Corporation Tax Flashcards
Who is subject to corporation tax
- Companies
- Unincorporated associations
- Excludes partnerships
Tax accounting period of a company
Starts
-on commencement to trade
-following end of previous accounting period
Ends
-12 months after commencement
-on accounting date of a company (period of accounts)
Therefore no accounting period can be longer than 12 months
Allocating profits to accounting periods
- Adjusted trading profits = time apportioned (accruals basis)
- Capital allowance = on basis of actual expenditure in each accounting period
- Property income = time apportioned (accruals basis)
- Non trading loan relationships = accruals basis
- Chargeable gains = period in which gain released
- Charitable gifts = period in which paid
- No personal allowance
Capital allowances for companies
1 April 23 to 31 march 24
-if accounting period of a company straddles 31 march it means that the taxable profits for that tax accounting period will be taxed in two FY
R&D tax relief - small and medium companies (IMPORTANT)

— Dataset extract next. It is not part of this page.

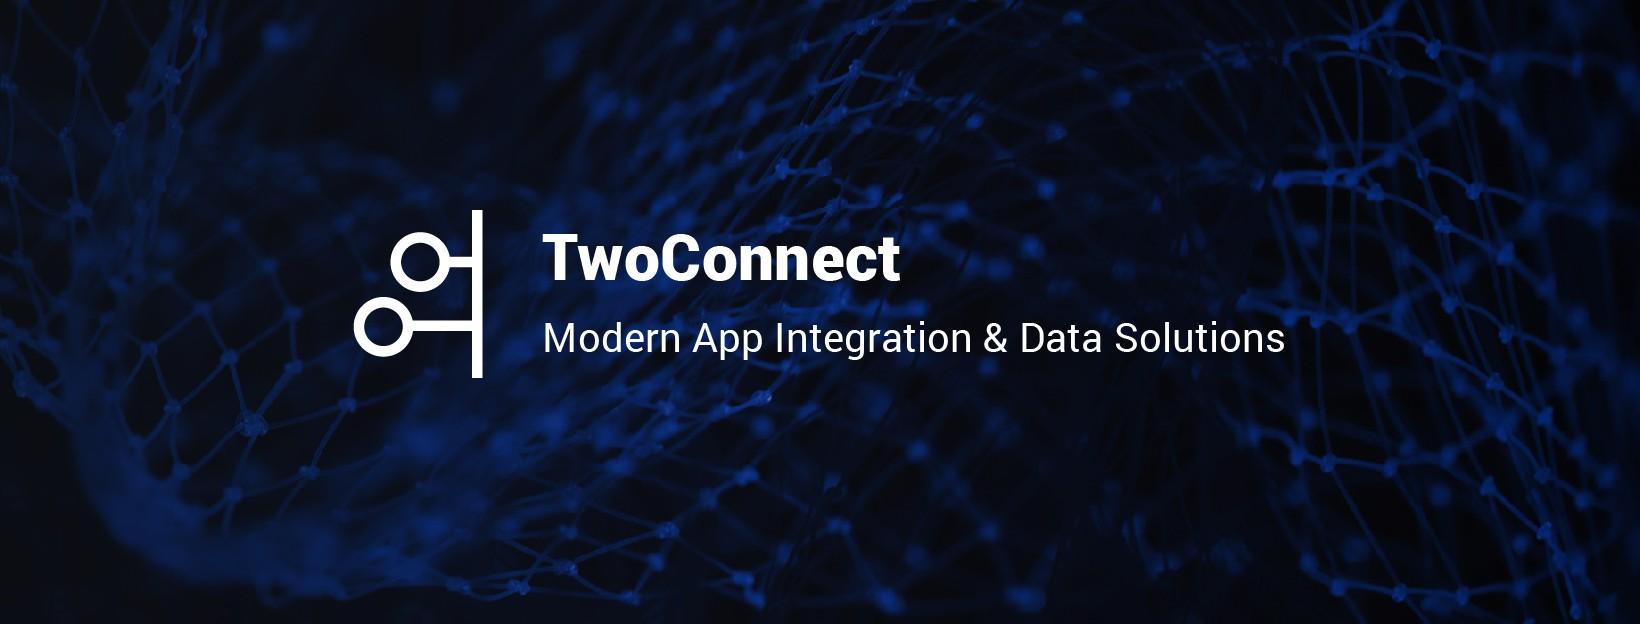 TwoConnect: Microsoft Azure Cloud, BizTalk Integration

- R&D credits only available to companies
- Project must aim to extend overall knowledge (creating new products or processes)
- Qualifying expenditure (non capital expenditure)
- Small/medium companies = 186% of allowable expenditure deductible in the tax computation (86% extra allowed)
- If loss they can claim payment of 14.5% of the surroundable loss (the amount of trading loss. 186% of r&D expenditure)
- For capital items there is 100% capital allowance for purchase of new buildings or machinery used for R&D
R&D large companies (IMPORTANT)
- The company does not get an enhanced tax deduction for R&D
- Above the line credit (ATL). The ATL 20% tax credit is included as income when computing chargeable profits
- Credit is deducted from the company’s CT liability, any remaining credit may be paid to company by HMRC
Loan relationships
-> exists when a company is either a creditor or debtor for a debt which is regarded as a loan under general law
-> interest receive is gross
Trading loan relationship
-interest payable on loan received for trading purposes (allowable deduction from trading profits)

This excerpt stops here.